Appellant was convicted of the offense of operating an open saloon, and his punishment was assessed at a fine of $425.00.
Appellant’s main contention is that the court erred in overruling his motion to quash the information on the ground that it was uncertain, vague, and indefinite, and does not apprise the defendant of the exact nature of the offense with which he is charged, and that it did not charge any offense against the laws of the state. Omitting the formal parts, the information reads as follows: “that J. Weinberger, heretofore on the 9th day of January, A. D. 1936, in said county and state, did then and there operate and assist in operating an open saloon, and was then and there directly interested and indirectly interested in the operation of an open saloon. Against the peace and dignity of the State.”

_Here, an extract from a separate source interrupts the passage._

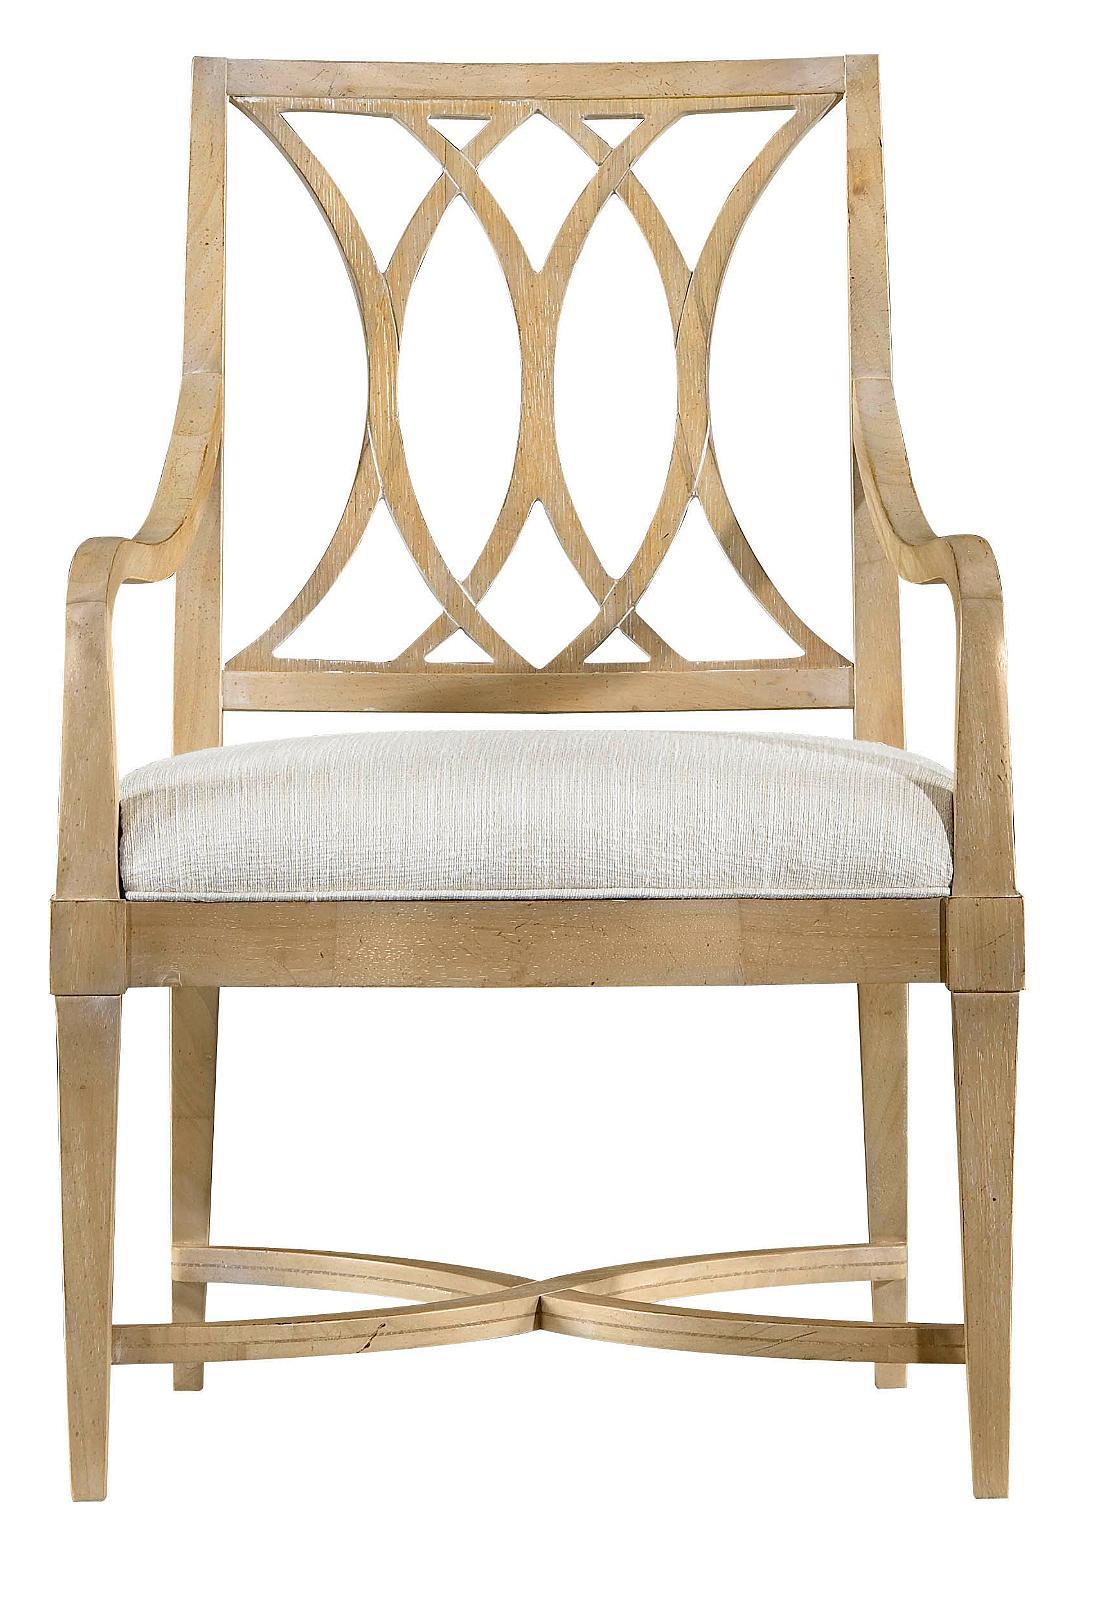 Stanley Furniture Coastal Living Resort Heritage Coast Arm Chair - Item Number: 062-61-70

Art. 666 — 3, Penal Code, reads as follows:
“(a) The term ‘open saloon,’ as used in this Act, means any place where any intoxicants whatever, manufactured in whole or in part by means of the process of distillation, or any liquor composed or compounded in part of distilled spirits, is sold or offered for sale for beverage purposes by the drink or in broken or unsealed containers, or any place where any such liquors are sold or offered for sale for human consumption on the premises where sold.
“(b) It shall be unlawful for any person, whether as principal, agent or employee, to operate or assist in operating, or to be directly or indirectly interested in the operation of any open saloon in this State.

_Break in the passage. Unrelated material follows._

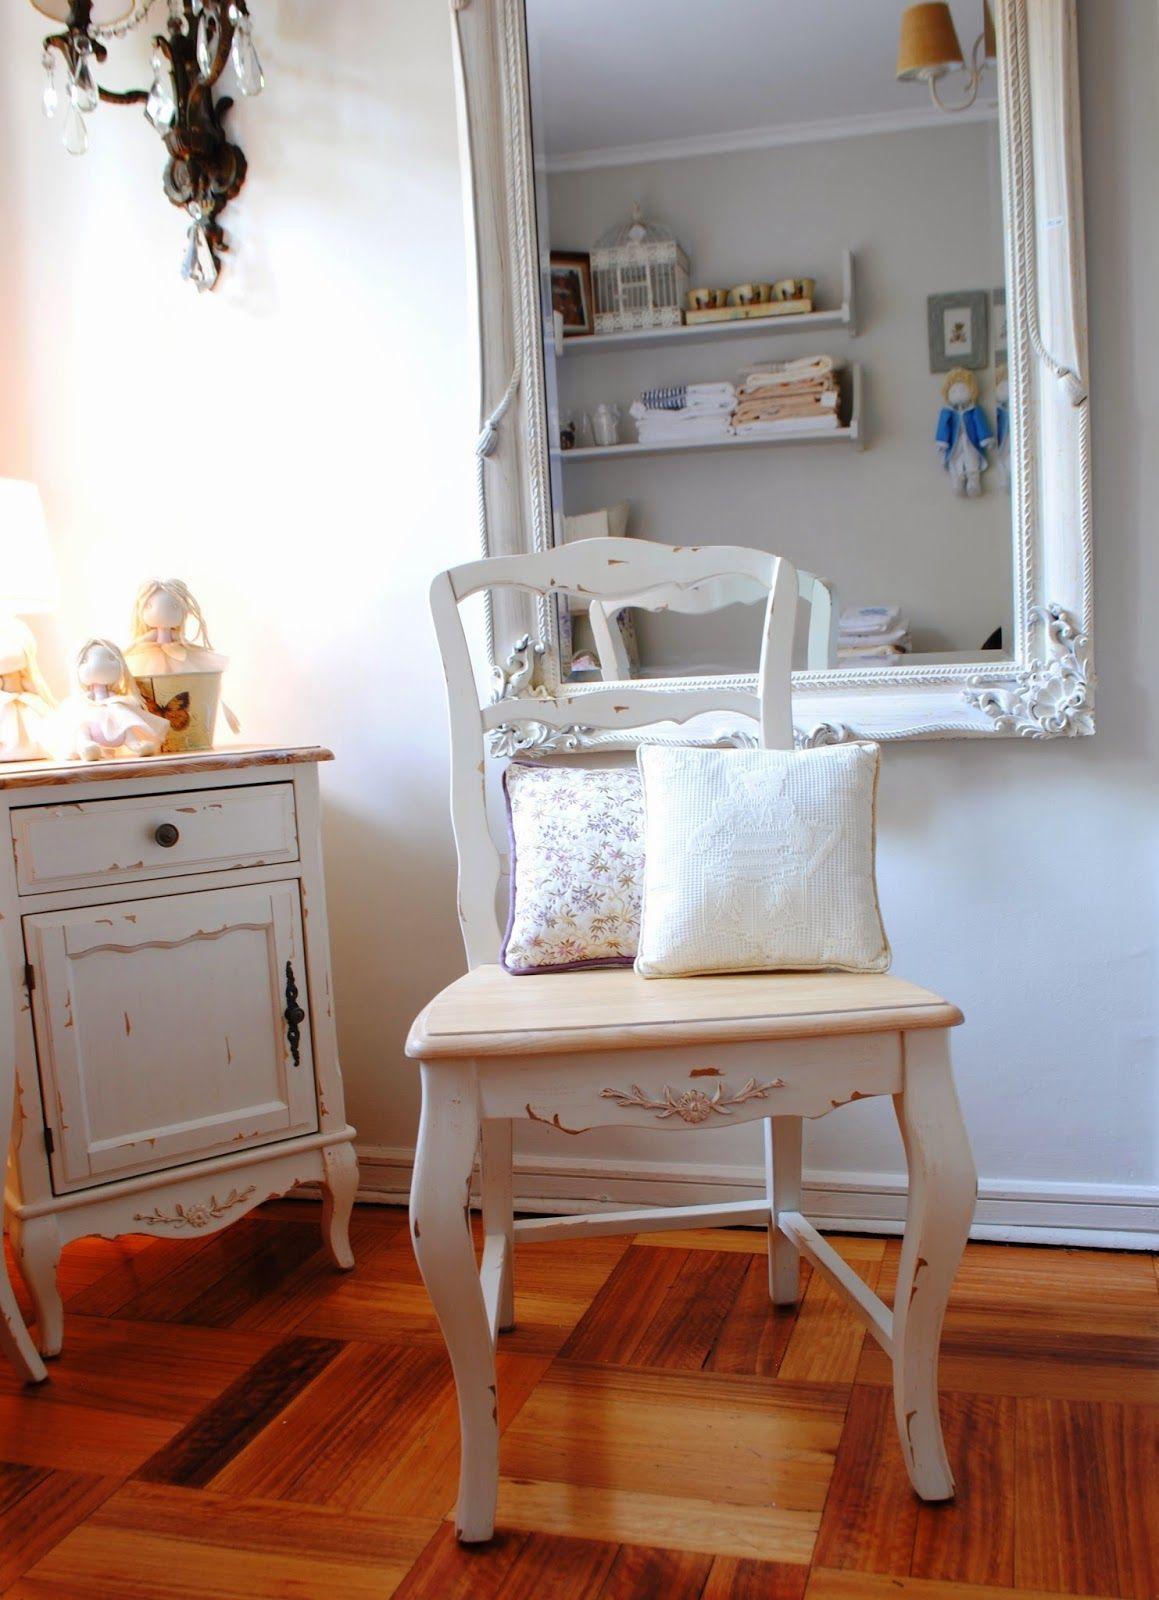 Muebles Kimberly - Paz Montealegre Decoraci N Muebles Muebles Estilo Provenzal [mjhdah]https://lookaside.fbsbx.com/lookaside/crawler/media/?media_id=1527499920818034

“(c) It shall be unlawful for any person who is authorized *310by law to sell malt or vinous liquors for consumption on the premises where sold, or any person who acts as agent or employee of any person, firm, or corporation authorized to sell malt or vinous liquors for consumption on the premises where sold, to have in his possession, at or near the premises where such malt or vinous liquors are sold for such purpose, any liquor produced by the process of distillation or any liquor containing alcohol in excess of fourteen per cent (14%) by volume.”
Subsection (d) of said article prescribes the penalty for violation of subsections (a), (b), and (c).

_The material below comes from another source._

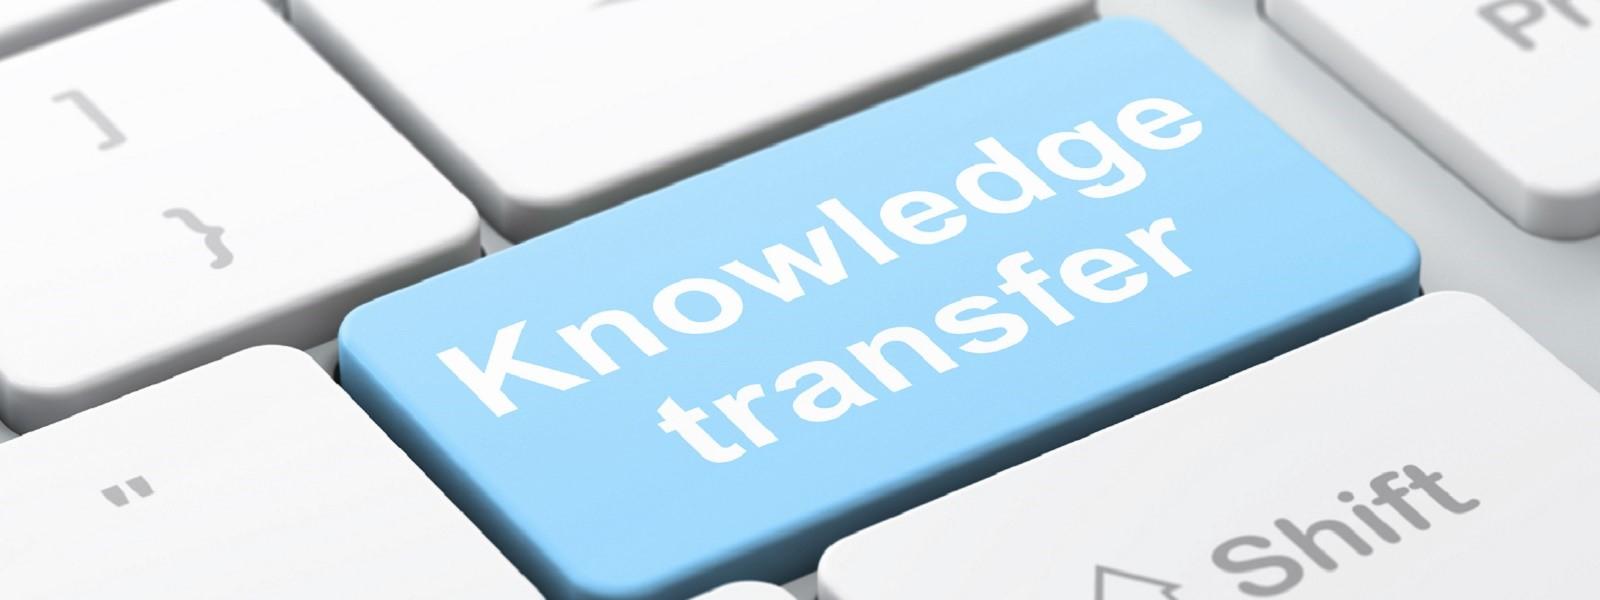 knowledge_transfer_kt_proton

The averment in the information that J. Weinberger on or about the 9th day of January, 1936, did then and there operate an open saloon and was directly or indirectly interested in the operation of an open saloon is but a legal conclusion of the pleader. No fact or facts are stated which would bring the place within the statutory definition of an open saloon. In order to charge an offense under said article of the statute above quoted it was necessary to allege sufficient facts to show that the place alleged to have been operated by him comes within the statutory definition of an open saloon. Ordinarily that which is necessary to be proven to show that an offense was committed is necessary to be charged in an indictment or information. As a general rule an indictment or information should be so definite and certain its its averments that it is apparent from the face thereof that an offense was committed. We think that by analogy the following cases support the opinion herein expressed: Walton v. State, 12 Tex. Cr. R., 117; Dailey v. State, 27 Tex. App., 569; Huffman v. State, 92 S. W., 419; Fossett v. State, 16 Tex. Cr. R., 375; Cole v. State, 81 Texas Crim. Rep., 202; Blackwell v. State, 30 Tex. Cr. R., 672; Rodgers v. State, 14 S. W. (2d) 1035, and authorities there cited.
By reason of the insufficiency of the information to charge an offense under the said article above quoted, the judgment of the trial court is reversed and the prosecution ordered dismissed.
Judgment reversed and prosecution ordered dismissed.
The foregoing opinion of the Commission of Appeals has been examined by the Judges of the Court of Criminal Appeals and approved by the Court.